* What the task asks: A word-for-word copy of the listing, free of images, is the expected answer.

* Recorded data:
──────

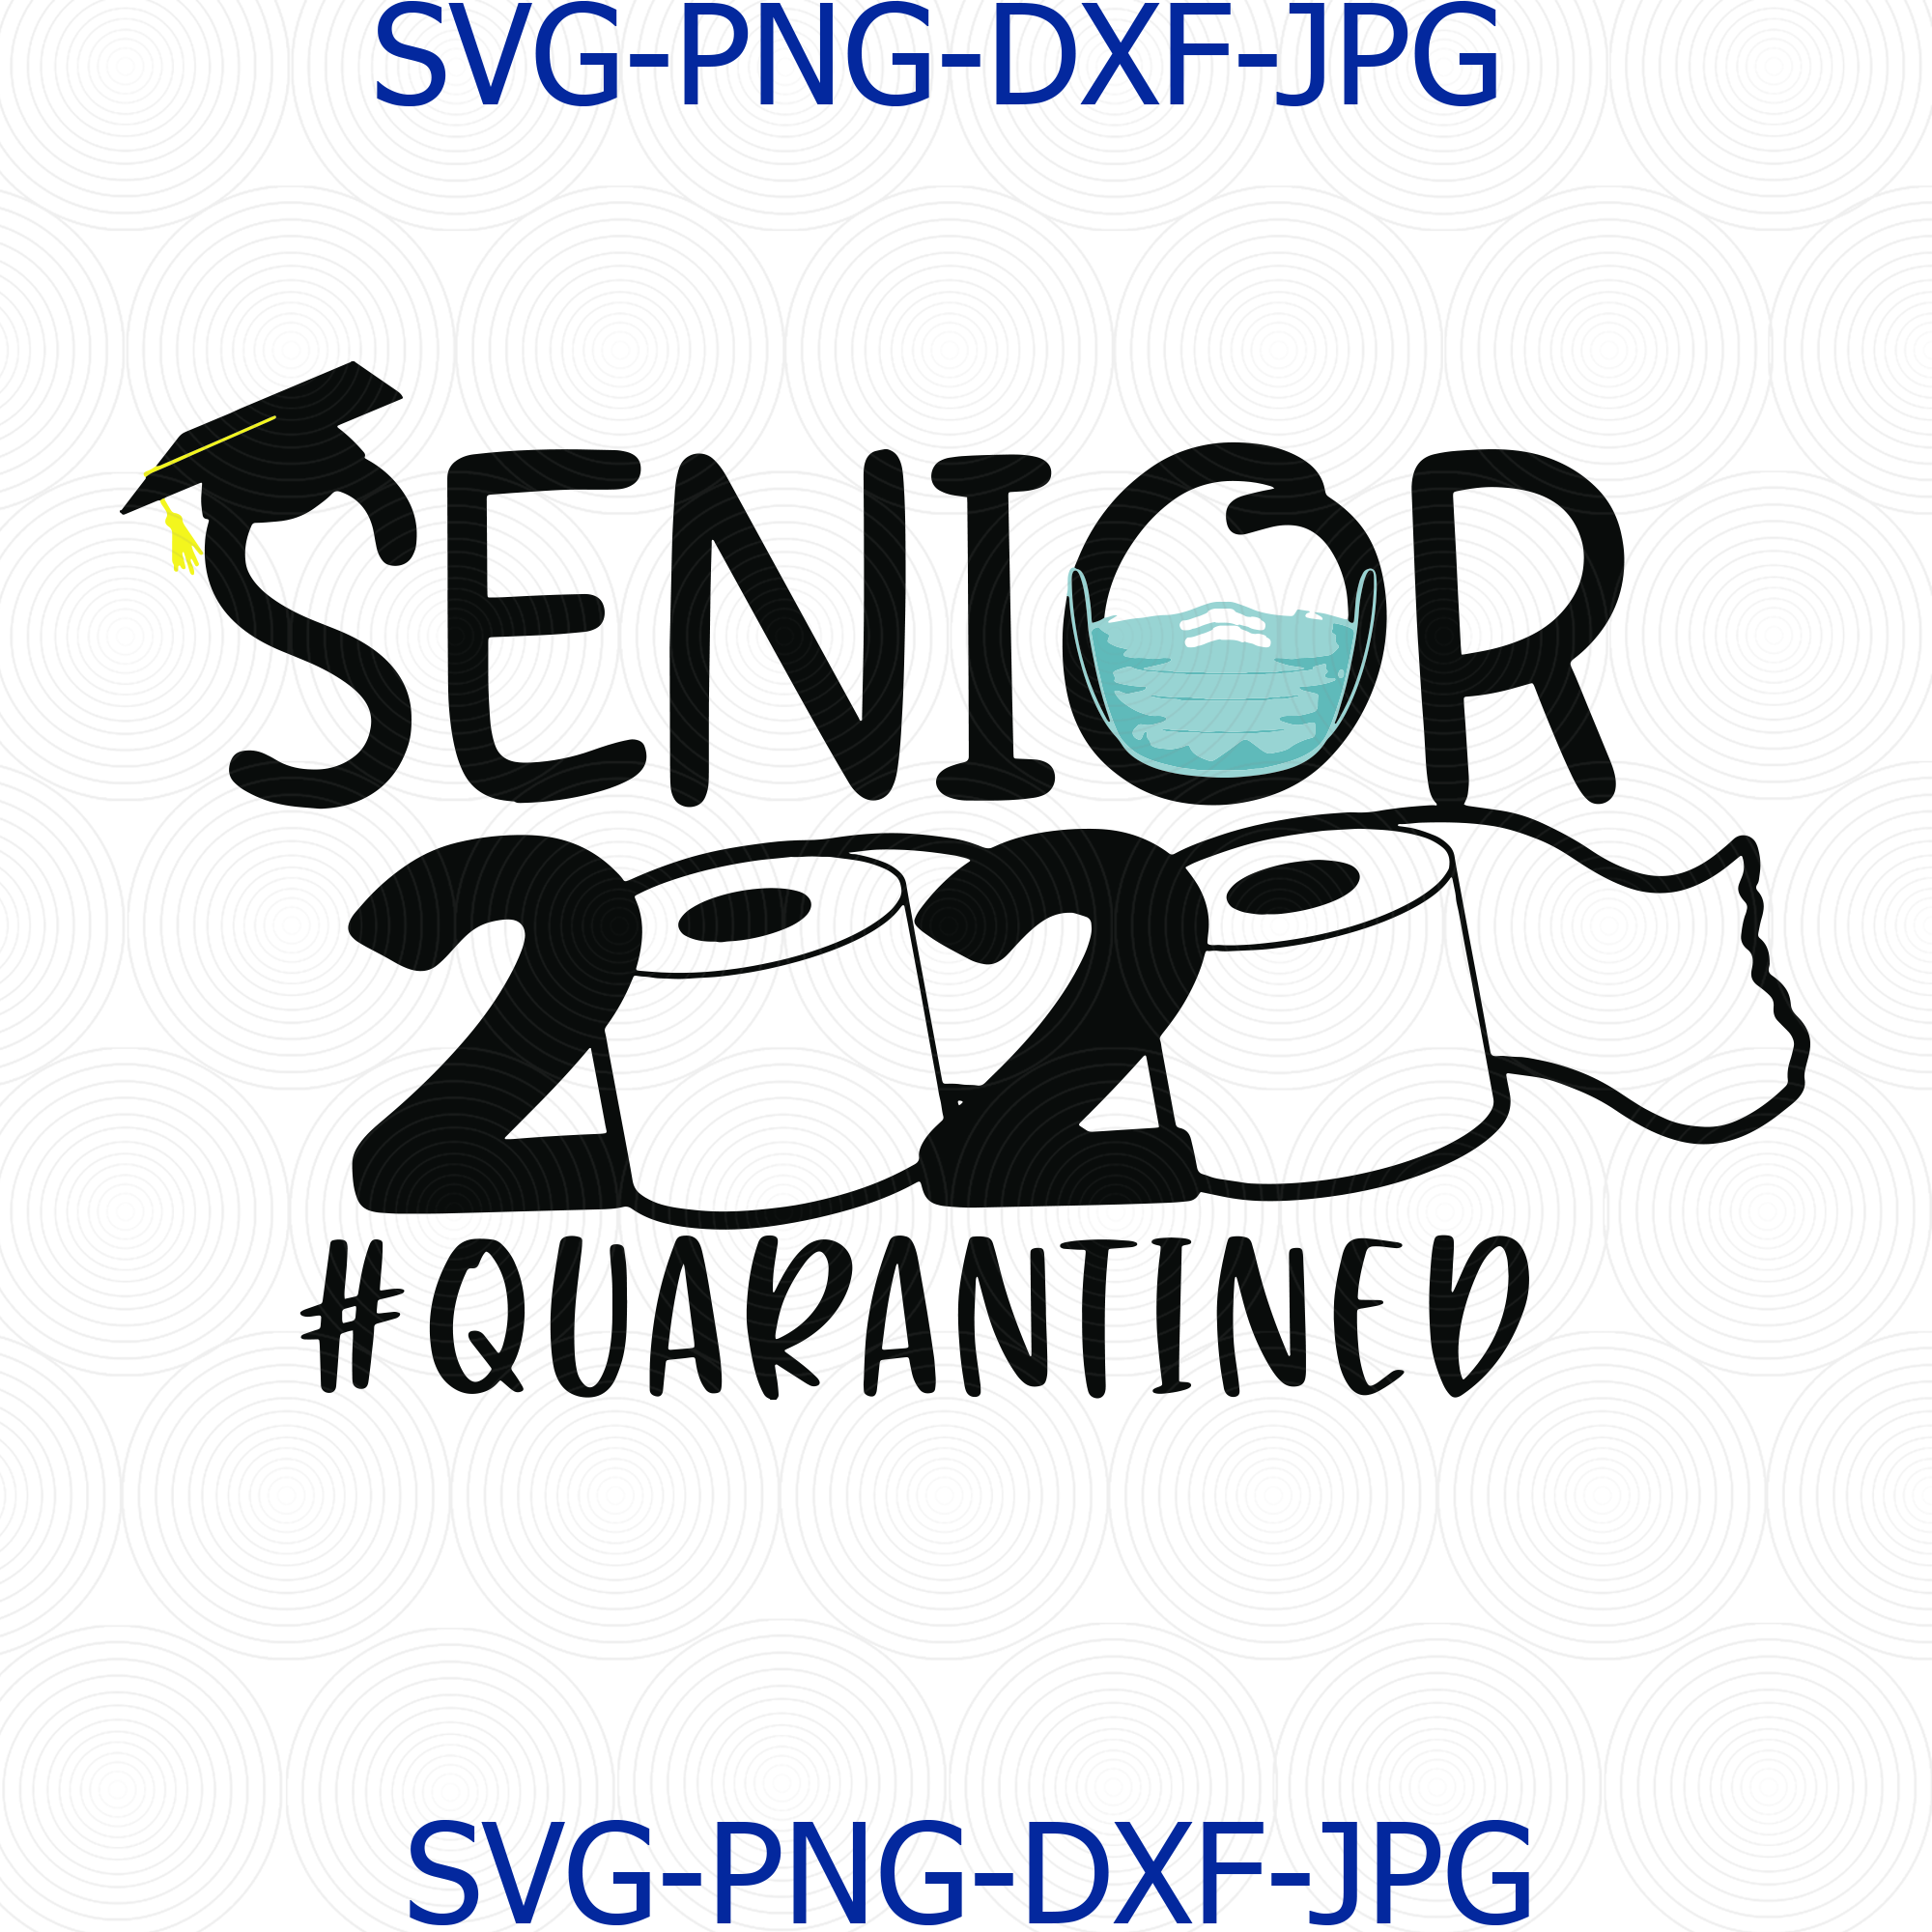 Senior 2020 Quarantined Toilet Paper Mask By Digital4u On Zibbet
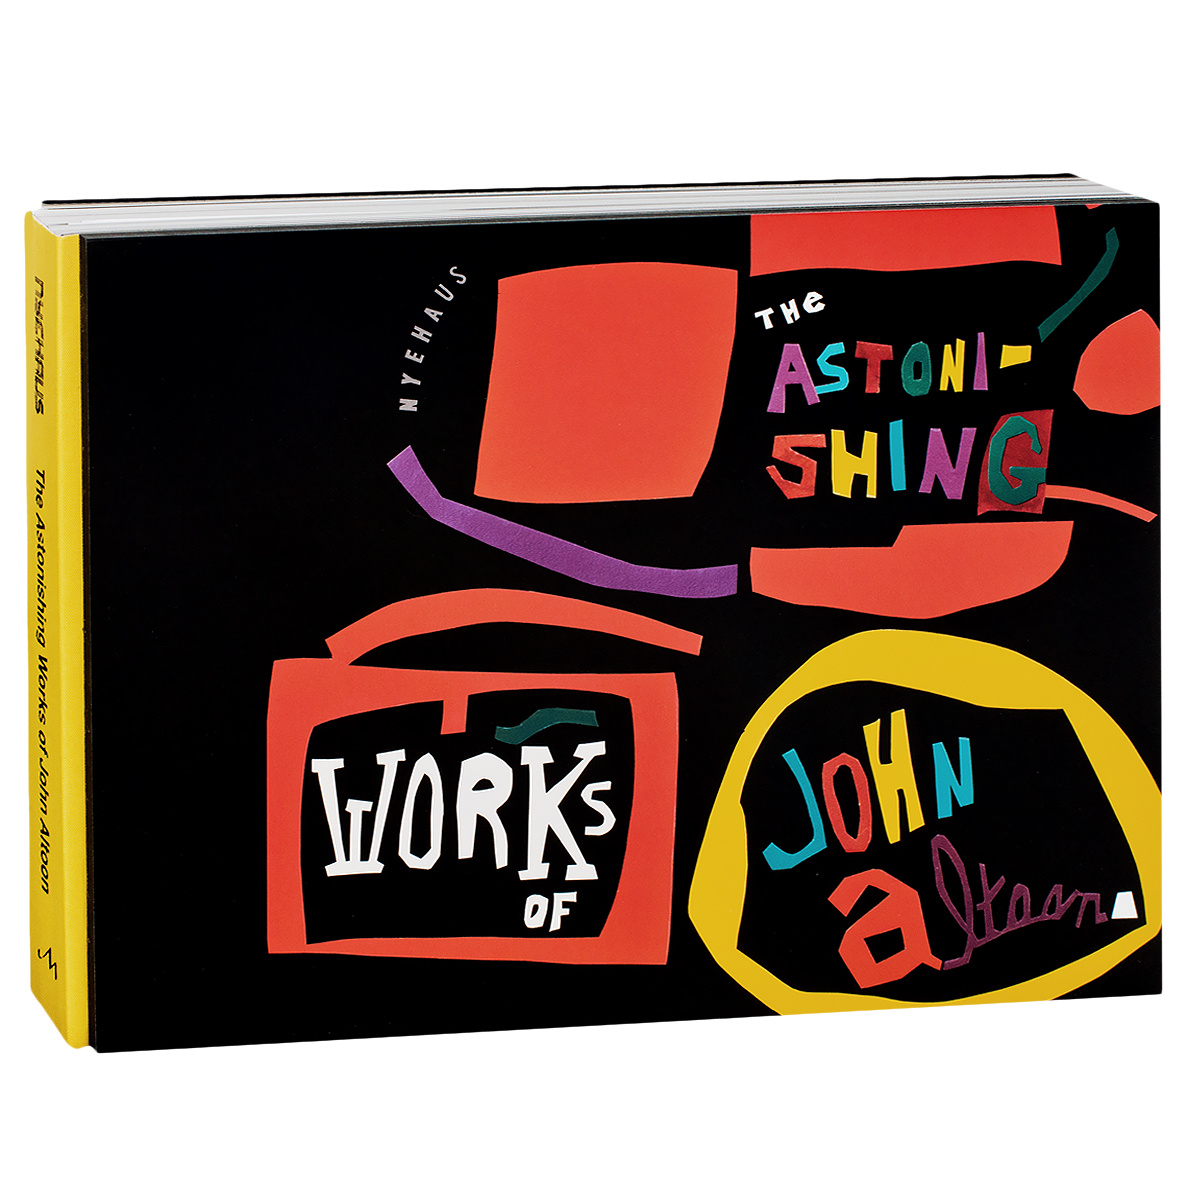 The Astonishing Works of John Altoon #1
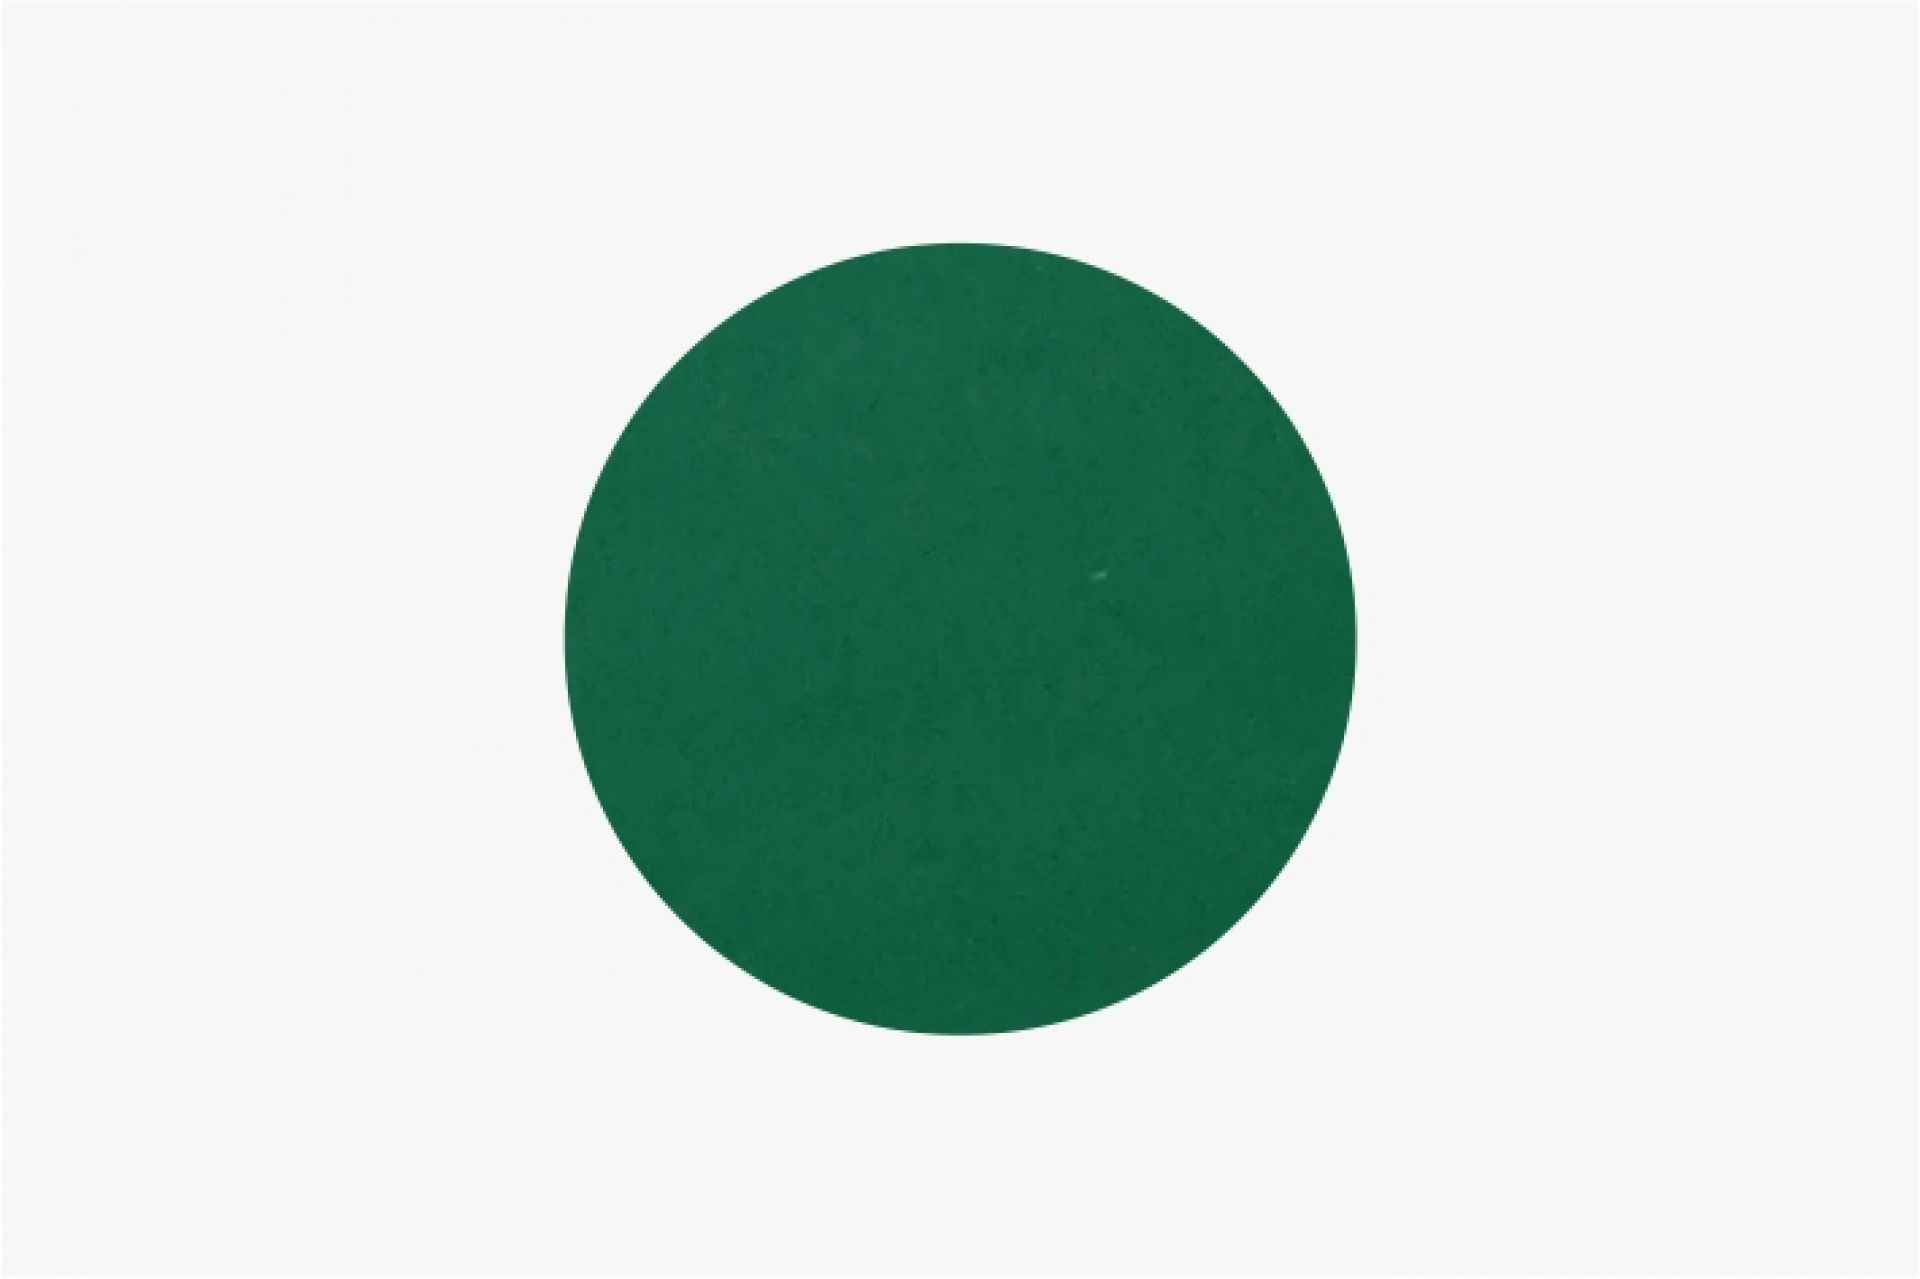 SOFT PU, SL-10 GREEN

──────

* The completed task:
 Senior 2020 Quarantined Toilet Paper Mask By Digital4u On Zibbet
 The Astonishing Works of John Altoon #1
 SOFT PU, SL-10 GREEN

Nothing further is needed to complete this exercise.